*** Opening The data ***

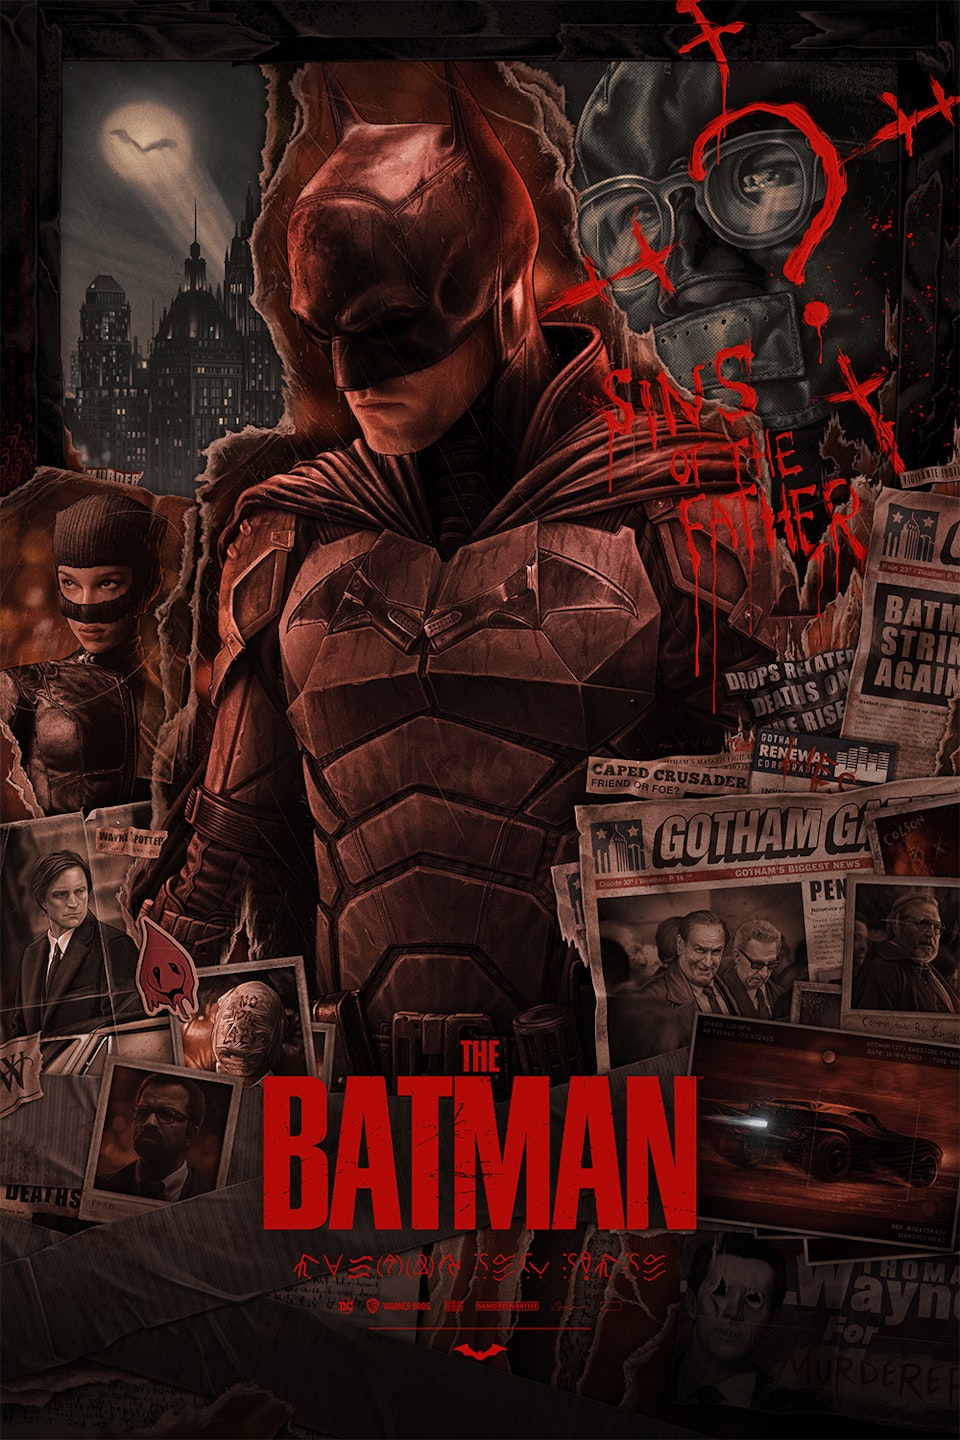 The Batman - Officially licensed poster (Bottleneck Gallery) - The Batman - poster illustration.

Variant edition of 100

Officially licensed

24 x 36 inches.
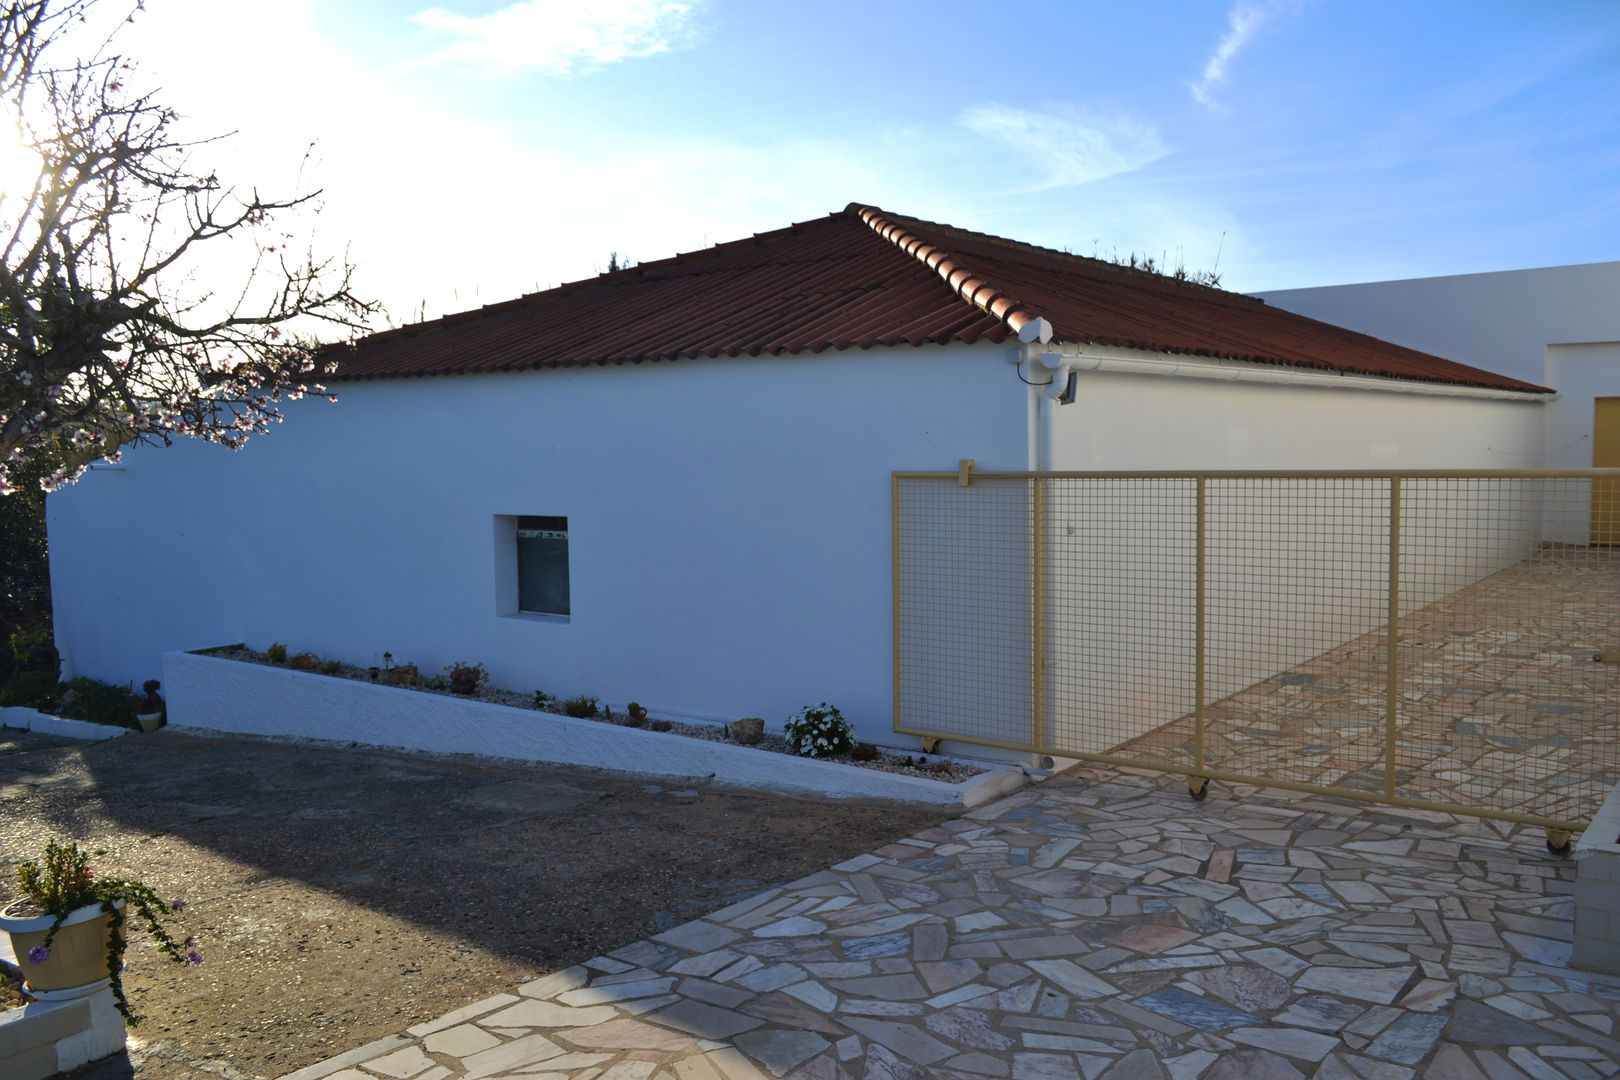 Facade Renovation / Repairing Cracks RenoBuild Algarve Mediterranean style house

*** Closing The data ***

# Task
With the line containing "Variant edition of 100" as the first line and the last line of the listing as the final one, reproduce that span exactly, without pictures.

# Answer to this task
Variant edition of 100

Officially licensed

24 x 36 inches.
 Facade Renovation / Repairing Cracks RenoBuild Algarve Mediterranean style house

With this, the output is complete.